__Aim of the task__
Instruction for the entries below: return the part that opens with the line containing "EQUALITY Brooklyn Nets" and closes with the line containing "New Jobs in", exactly, and no pictures.

__Information shown__
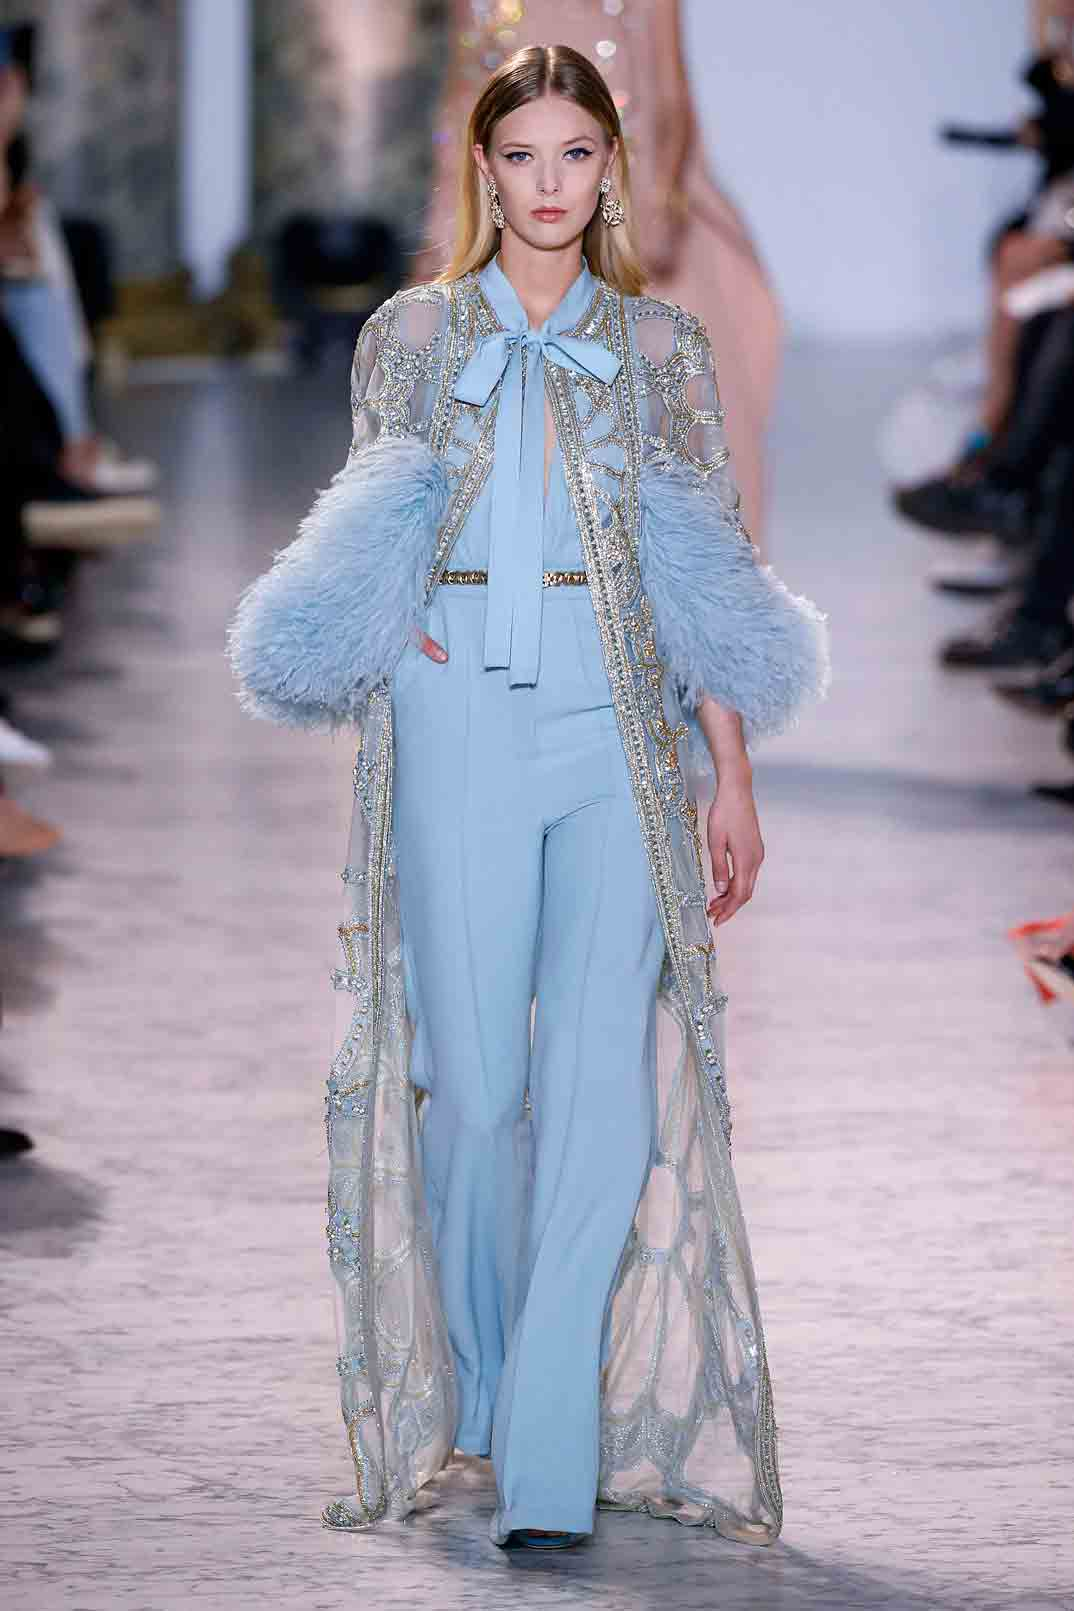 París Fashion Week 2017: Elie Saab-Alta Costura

==

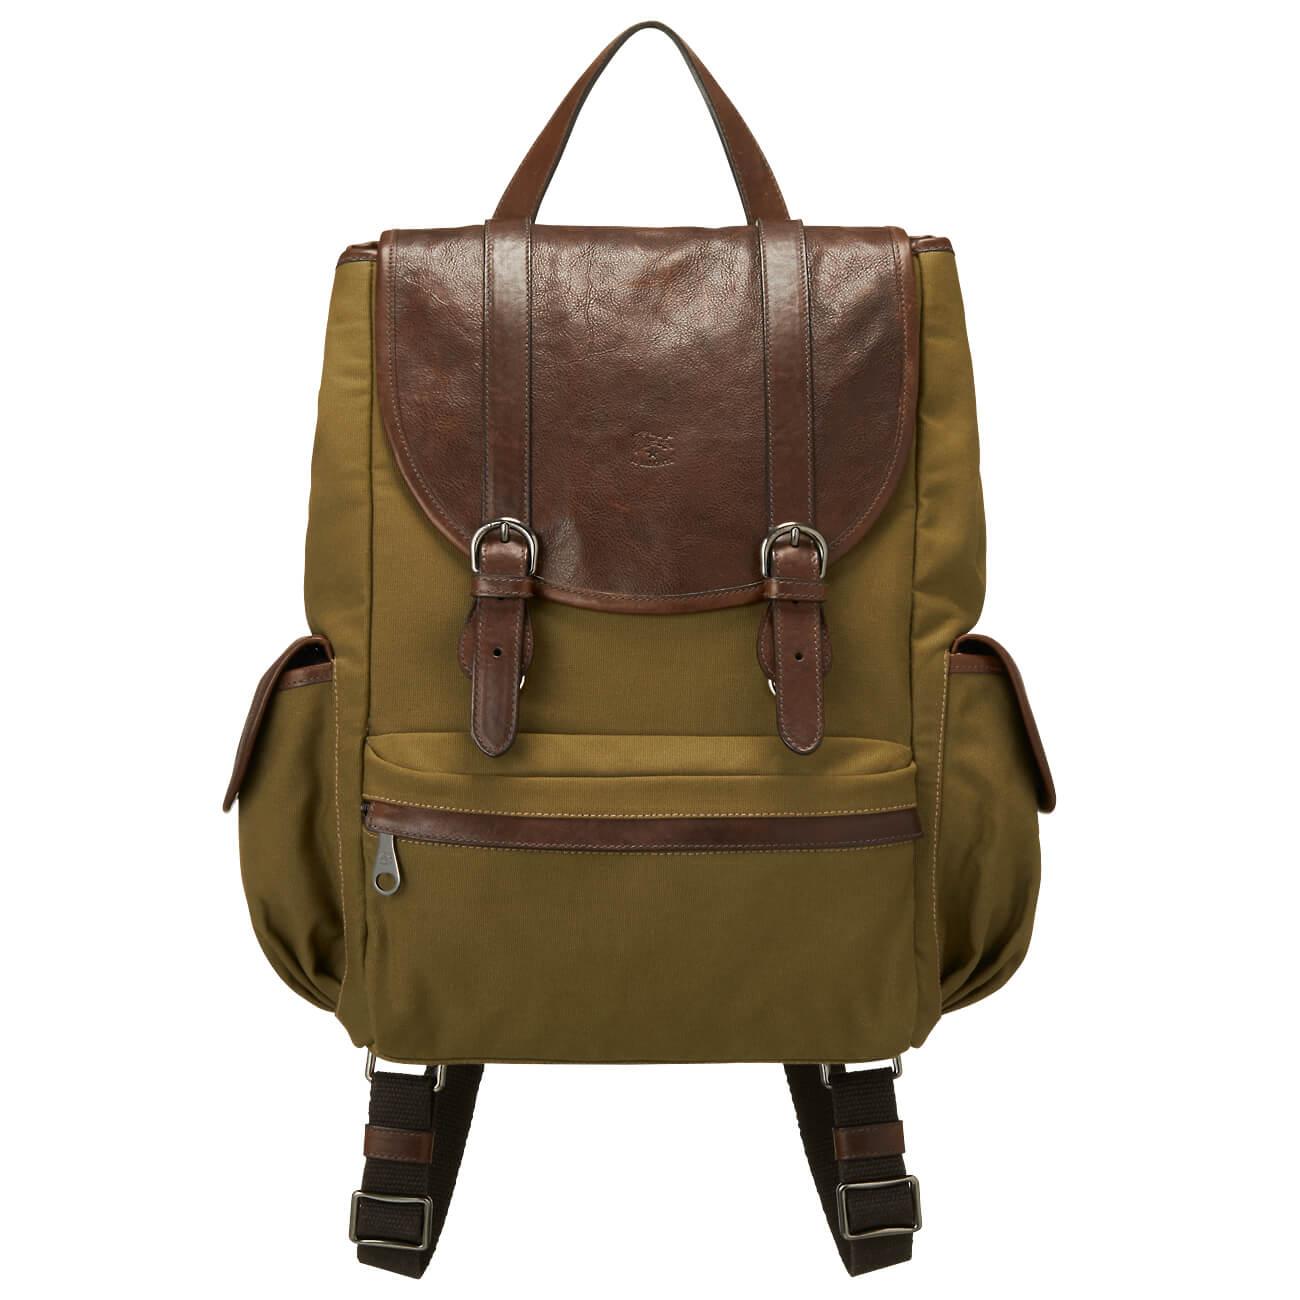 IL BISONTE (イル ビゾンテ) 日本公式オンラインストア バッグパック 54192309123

==

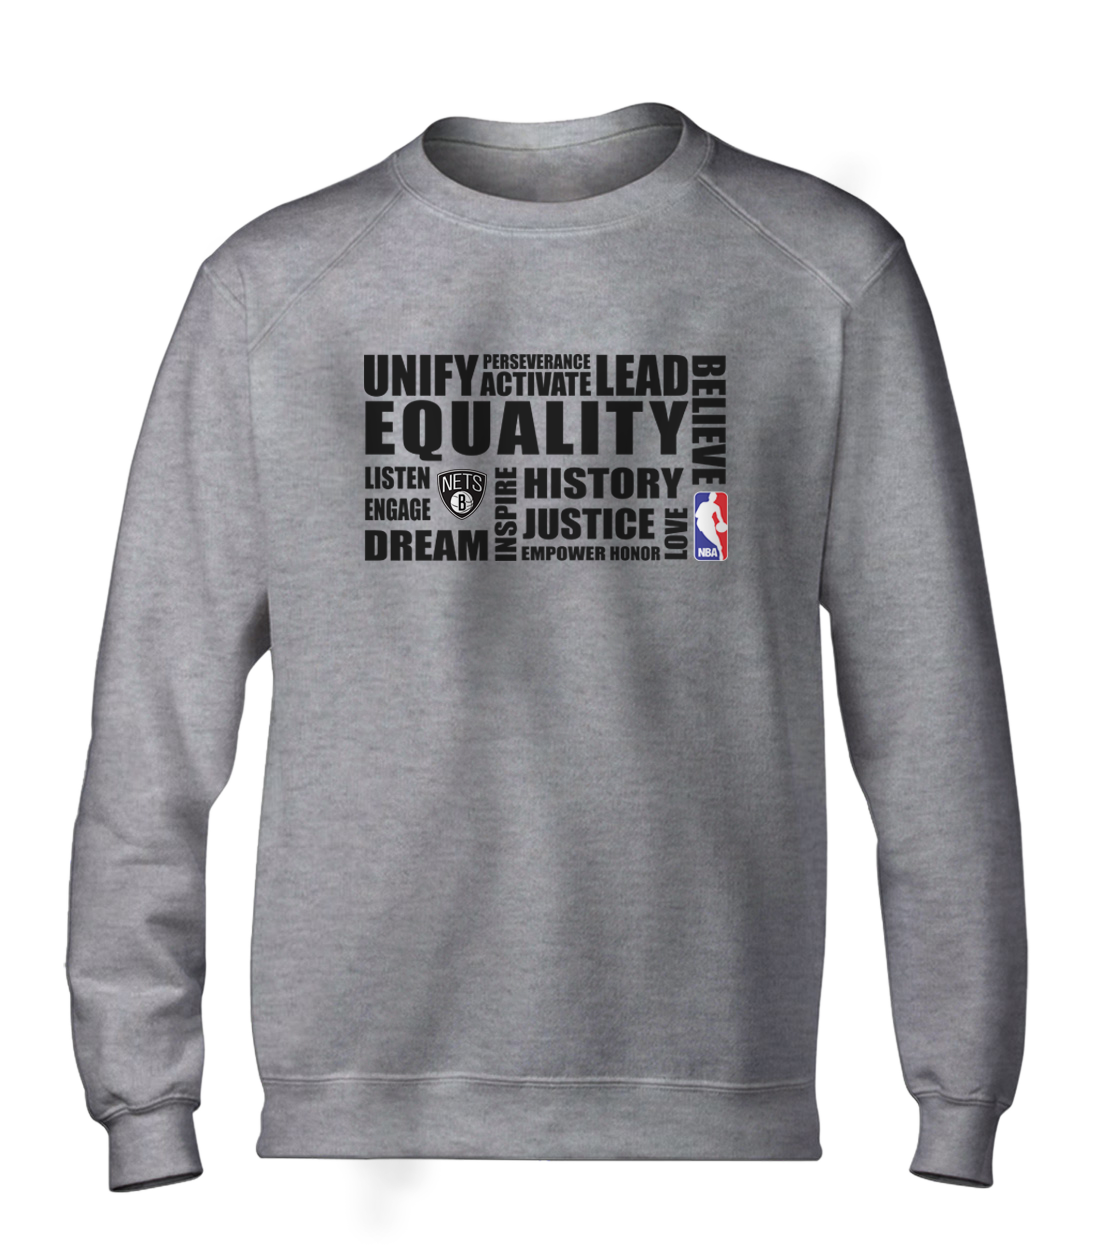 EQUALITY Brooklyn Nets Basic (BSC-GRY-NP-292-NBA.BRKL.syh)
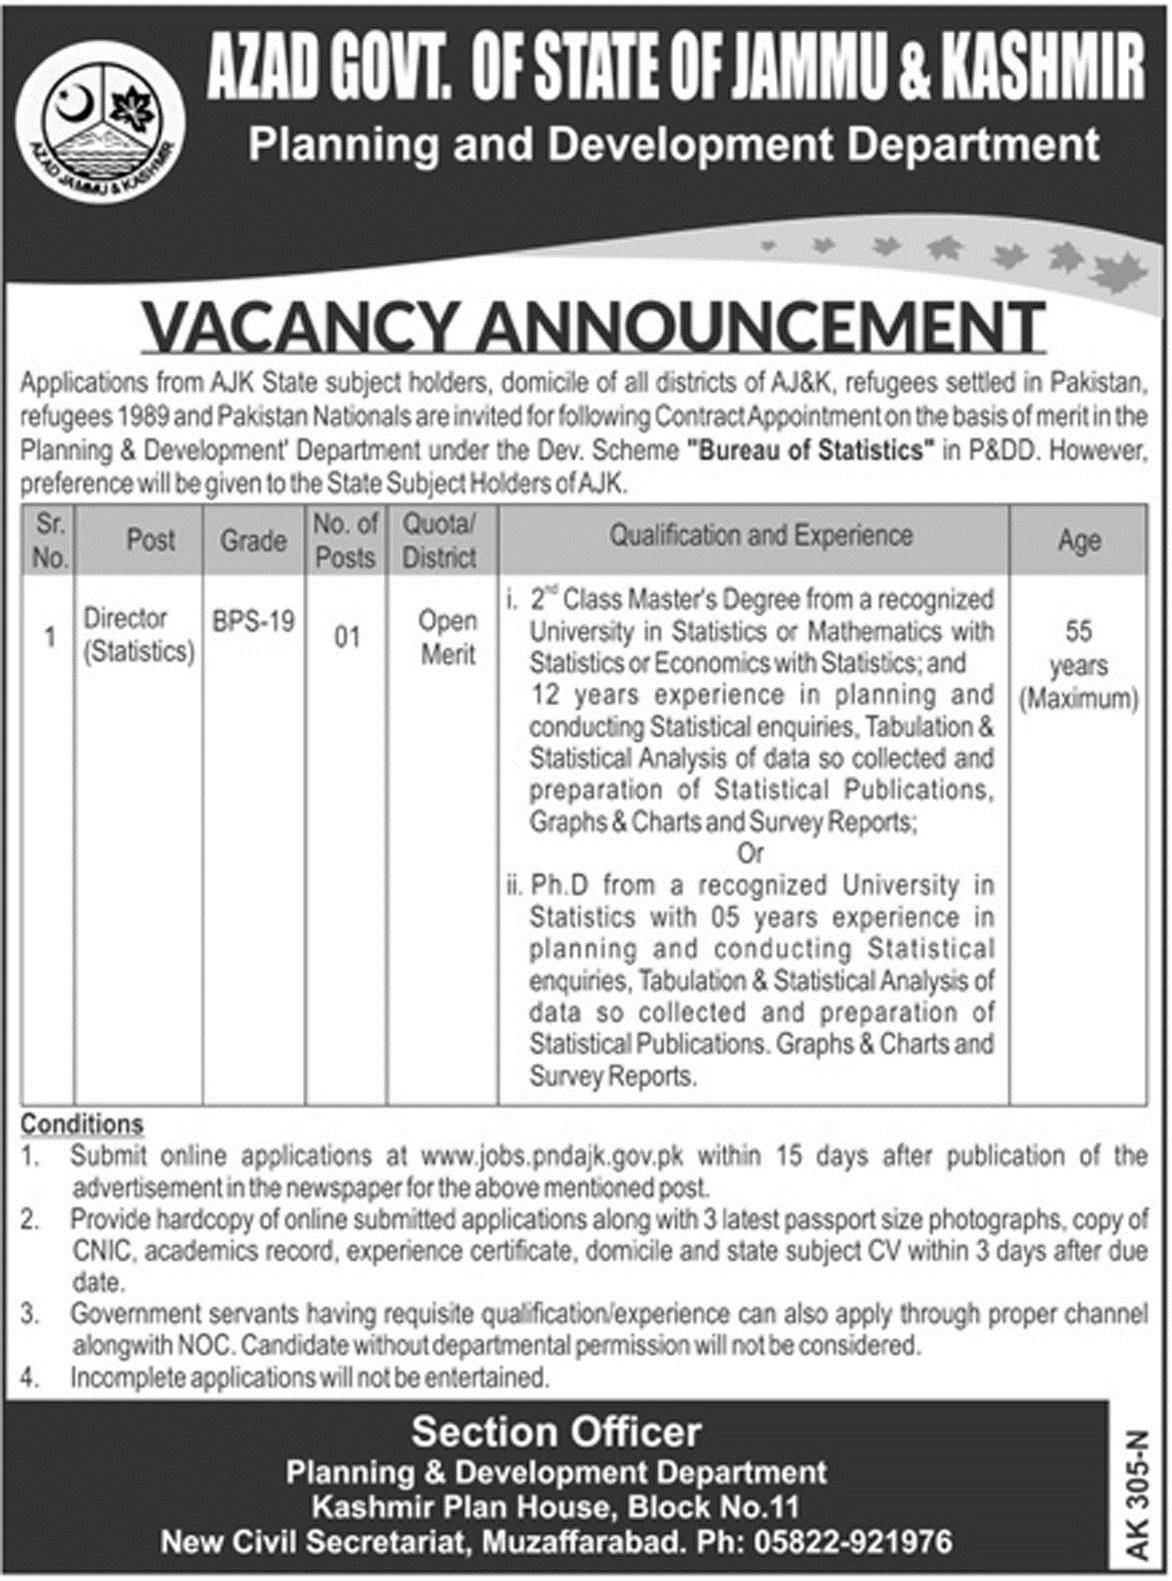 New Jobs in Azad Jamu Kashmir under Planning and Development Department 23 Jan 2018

__Answer box__
 EQUALITY Brooklyn Nets Basic (BSC-GRY-NP-292-NBA.BRKL.syh)
 New Jobs in Azad Jamu Kashmir under Planning and Development Department 23 Jan 2018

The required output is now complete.